The biochemical data and micrographs

The sampling points are marked in Fig. 1a. The 10-, 25-, and 50-group are labeled as “10”, “25”, and “50”, respectively. “I” and “T” represent initial and terminal sampling points, respectively. The methanogenesis started to proceed rapidly from the initial sampling points. The terminal sampling points can be used to verify under the condition that the total acetate concentration is approximately equal, whether the gene regulations of M. barkeri will be different after long-term inhibition.

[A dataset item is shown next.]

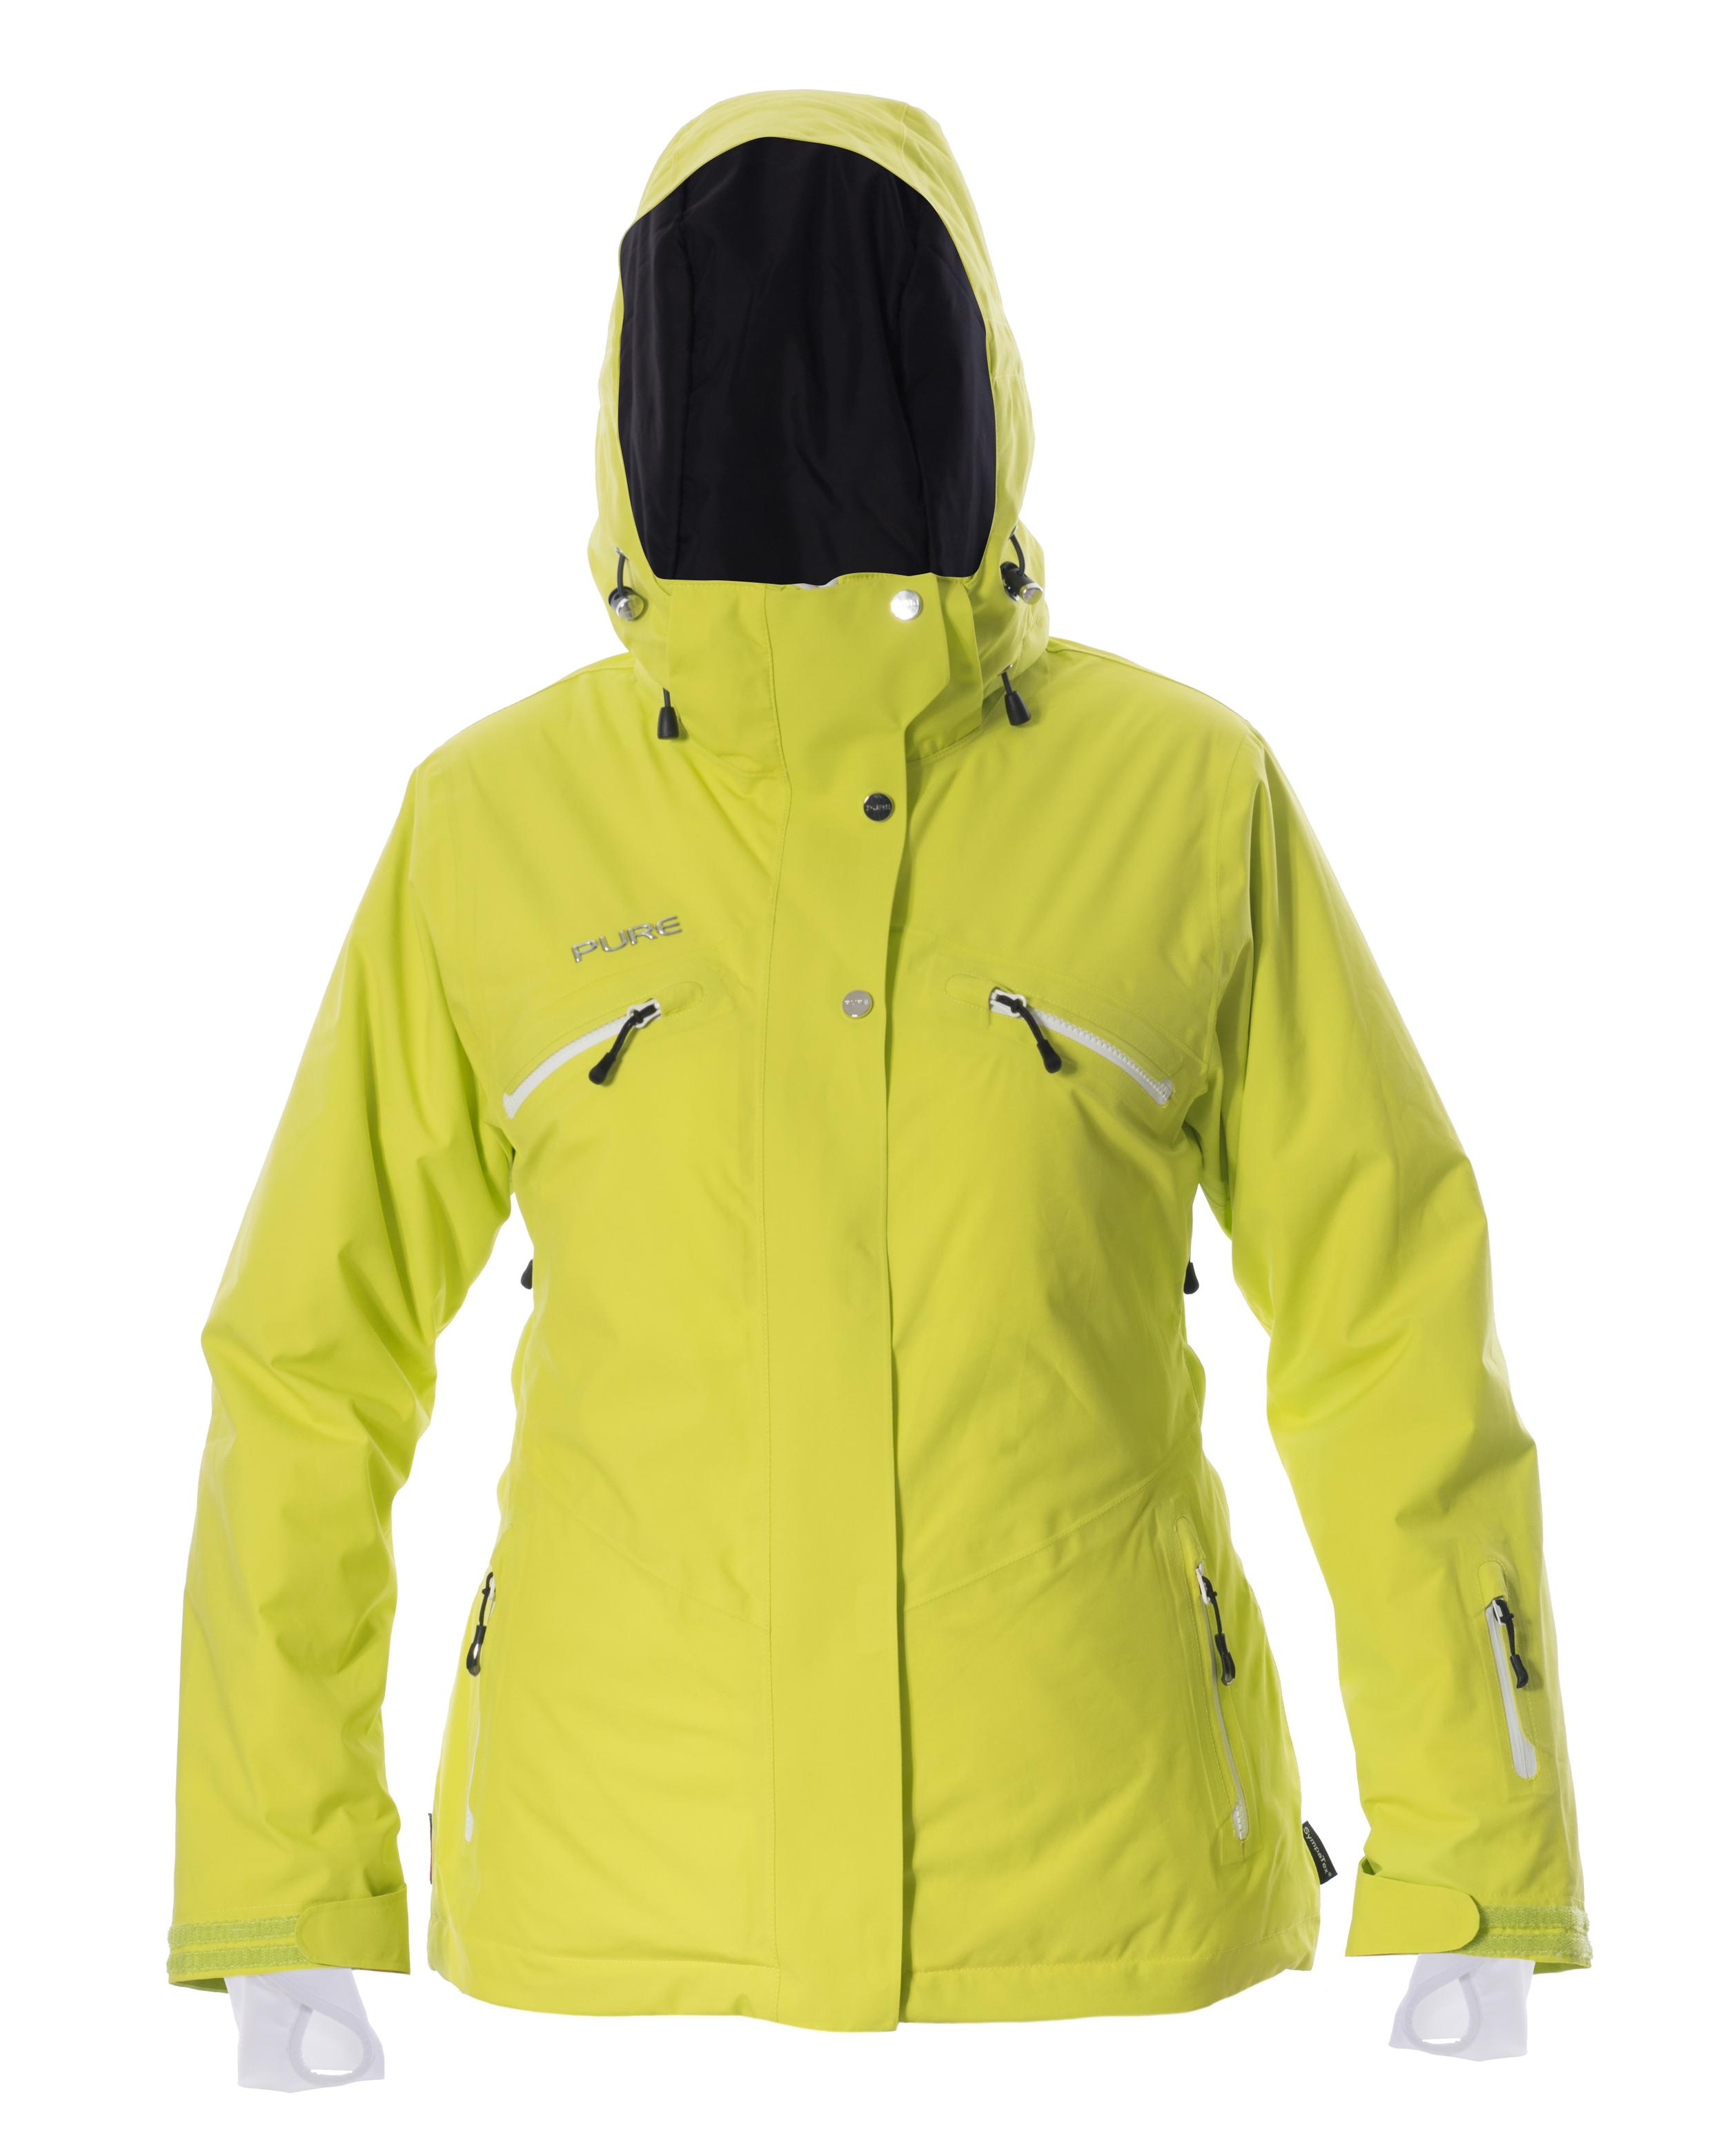 Cortina Women's Pure Snow - Lime

As shown in Fig. 1a, the total acetate concentrations of 25-T and 10-I, 50-T and 25-I were approximately equal, respectively.

Fig. 1

The biochemical indictors under different levels of acetate stress. a CH3COO− concentration and sampling points. b Cumulated CH4 yield. c pH values in culture media. d OD600. Error bars indicate ± sd of biological triplicates; invisible error bars indicate the sd values are very small

The previous work suggested that free acetic acid functioned not only as the substrate for acetoclastic methanogenesis but also as an inhibitor [12], while present work was mainly to focus on the inhibitory effects of different acetate concentrations on M. barkeri. Both of the total acetate and free acetic acid concentrations showed significant differences among the initial sampling points (P < 0.05) (Additional file 1: Table S1), which indicated that the M. barkeri in three groups were undergoing different levels of acetate stress.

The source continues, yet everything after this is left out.